- [ACTIVITY]: Pictures aside, the output must consist of the lines from the one containing "WeddingPhotos | NJPhotographer" through the end of the data, reproduced exactly.

- [COLLECTED DATA]:
________________________

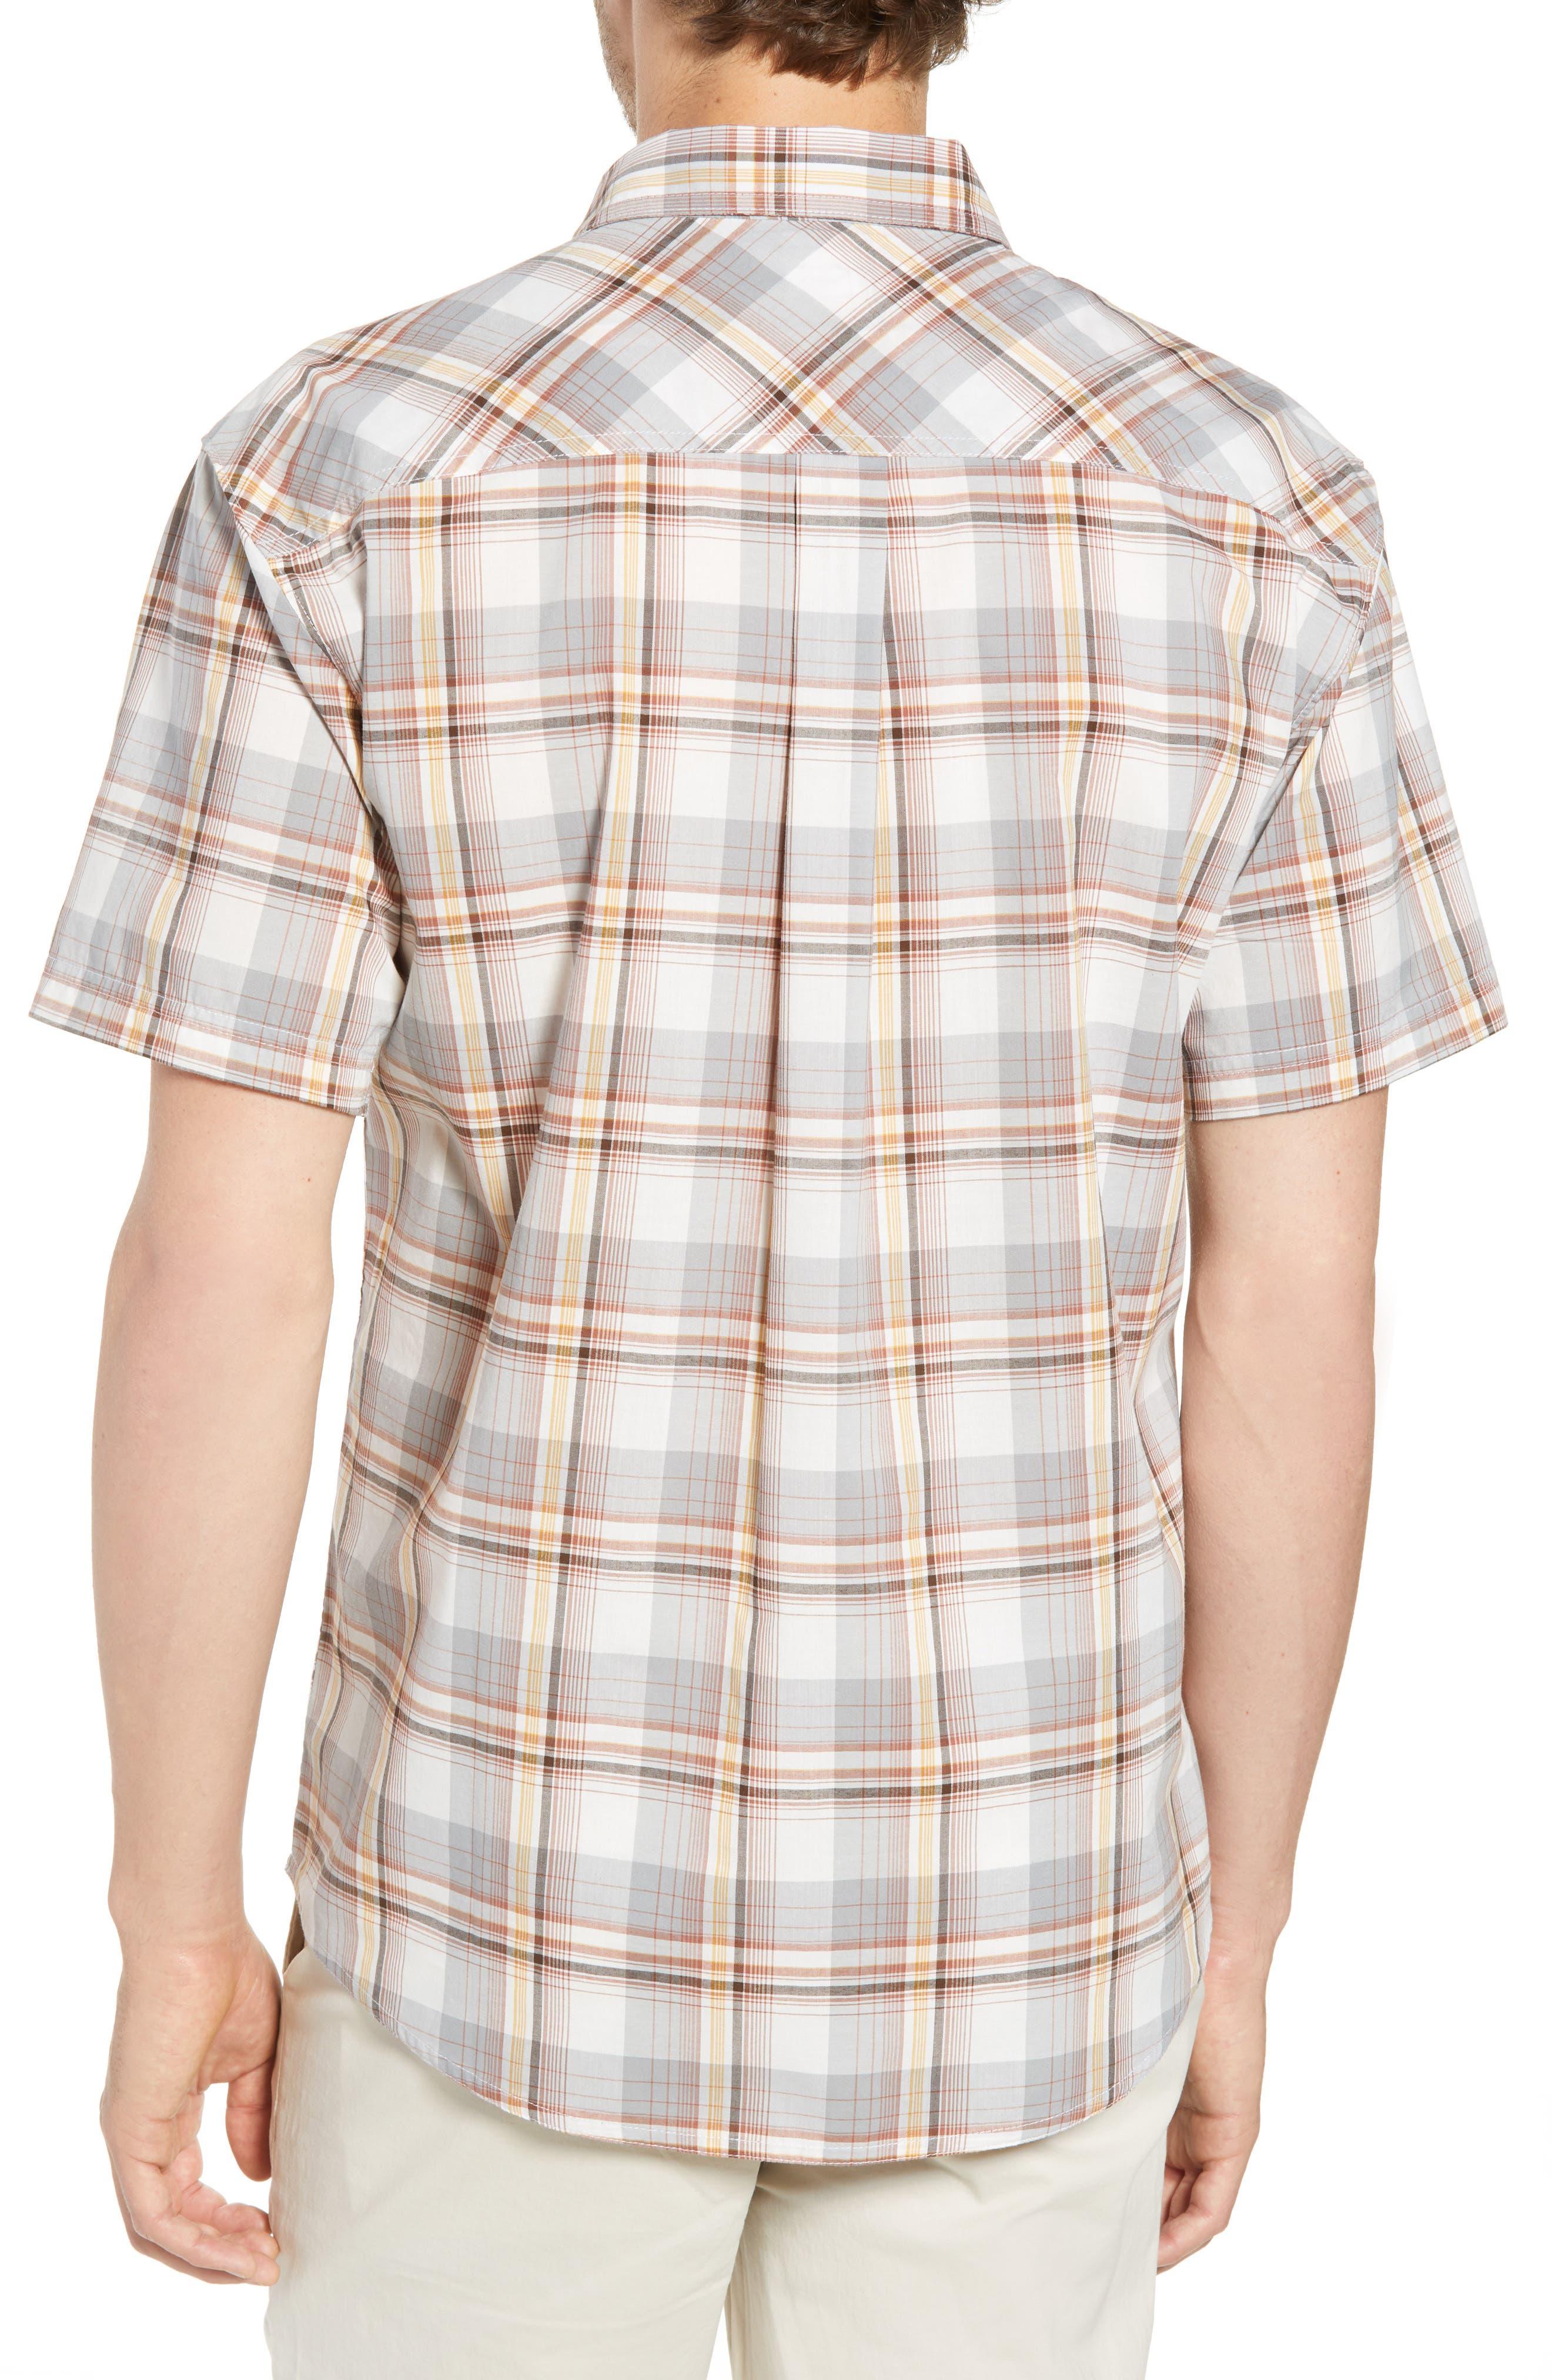 Gentry Short Sleeve Shirt,                             Alternate thumbnail 5, color,
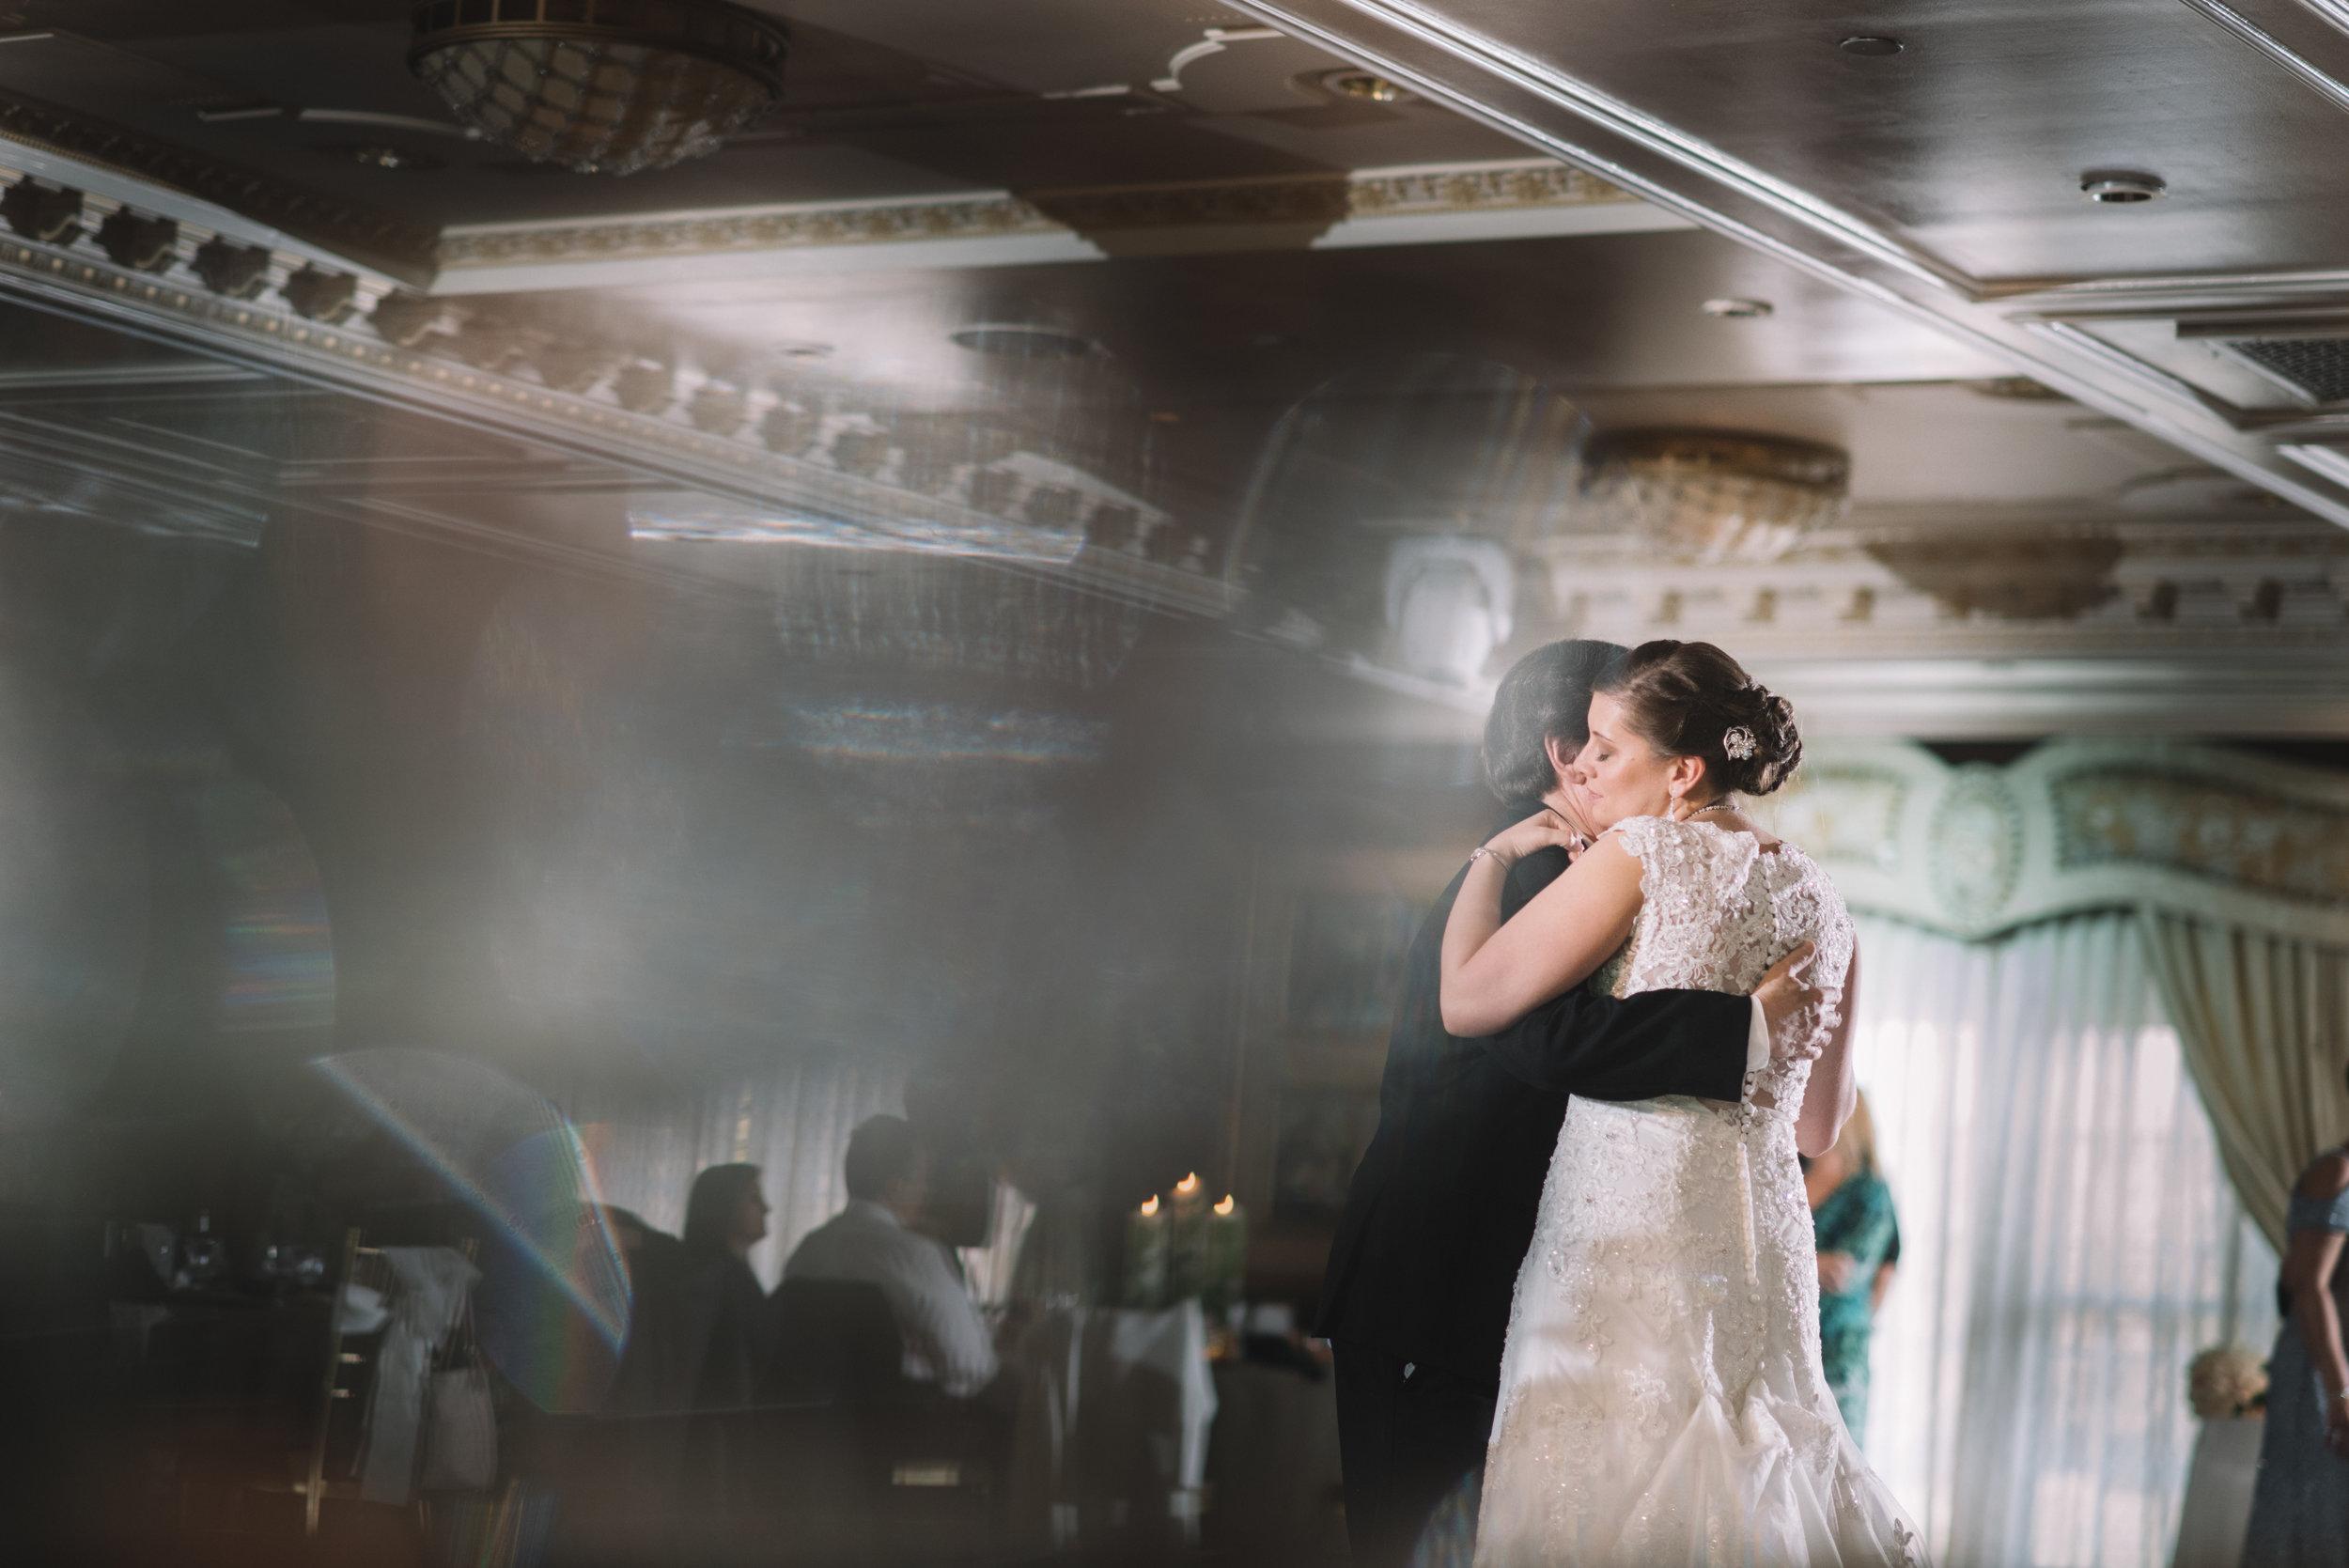 WeddingPhotos | NJPhotographer | Highlights-1-31.jpg
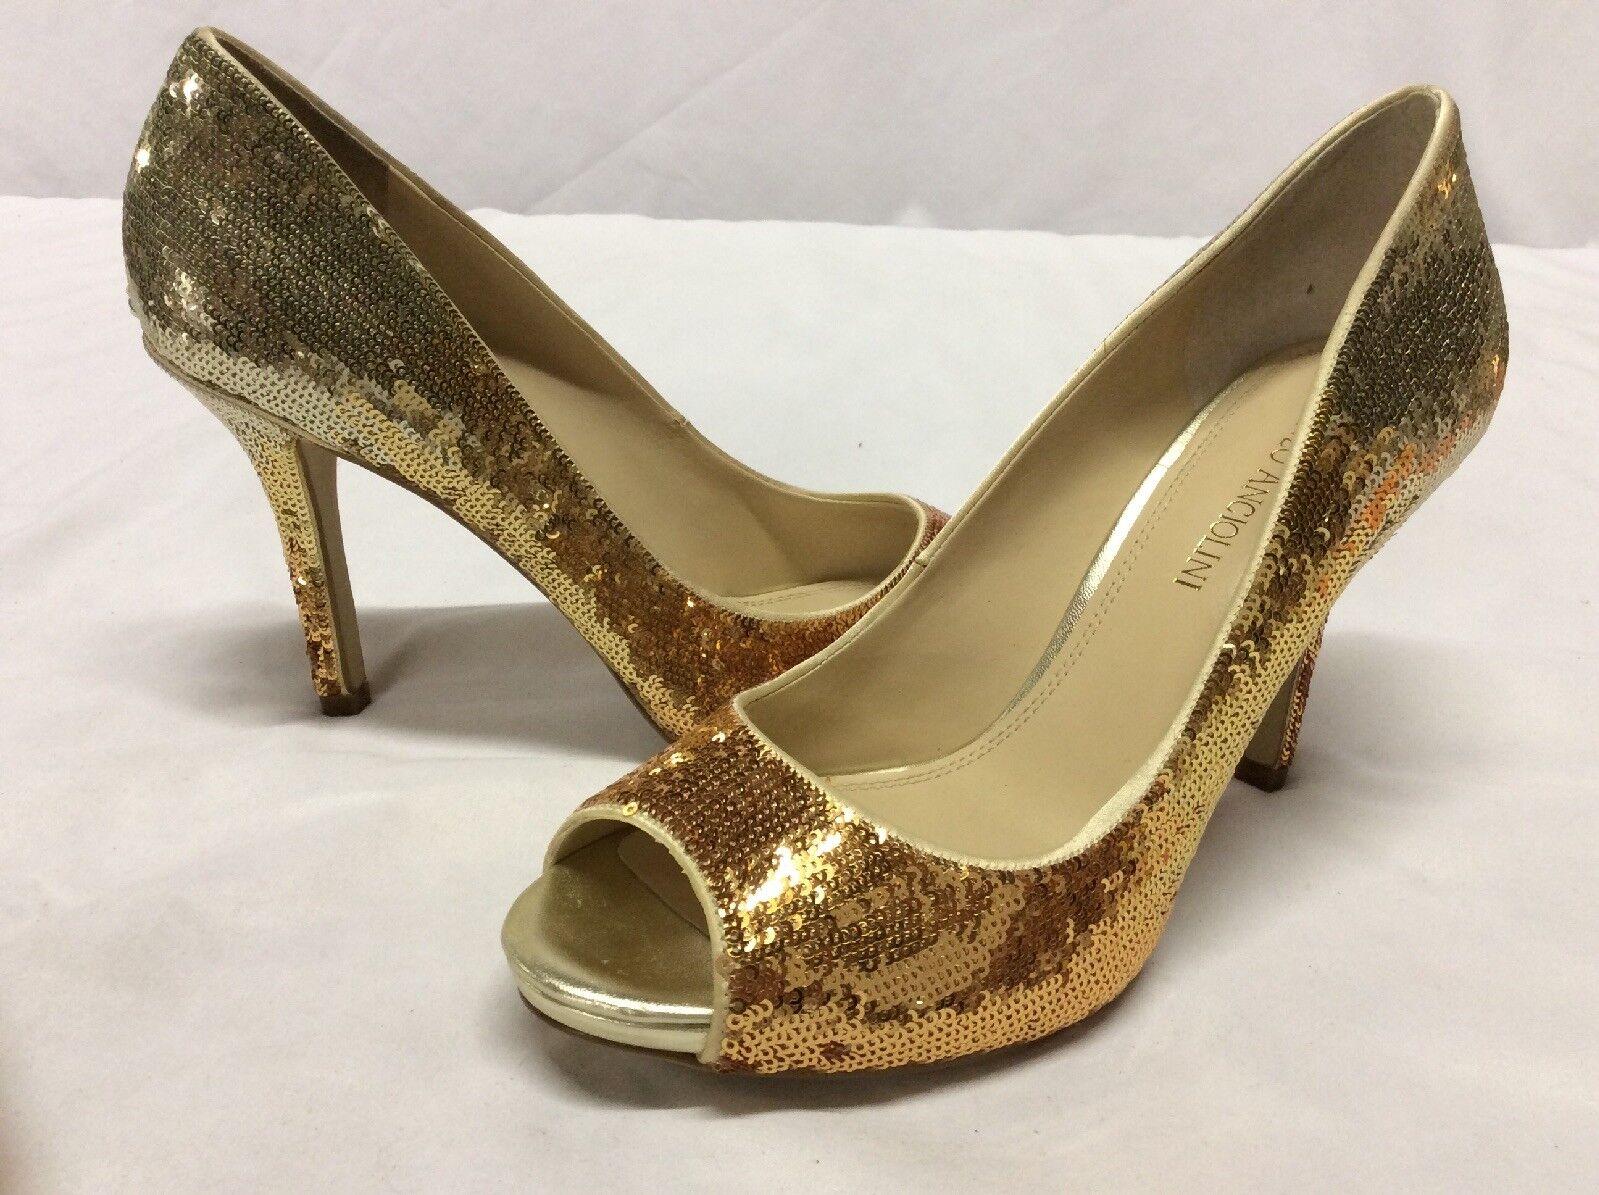 Enzo Angiolini EAMAIVEN Women's Heels shoes,Bridal.gold, Size 7.5 M M M ..DRESS5 f21e27

________________________

- [WORKED SOLUTION]:
 WeddingPhotos | NJPhotographer | Highlights-1-31.jpg
 Enzo Angiolini EAMAIVEN Women's Heels shoes,Bridal.gold, Size 7.5 M M M ..DRESS5 f21e27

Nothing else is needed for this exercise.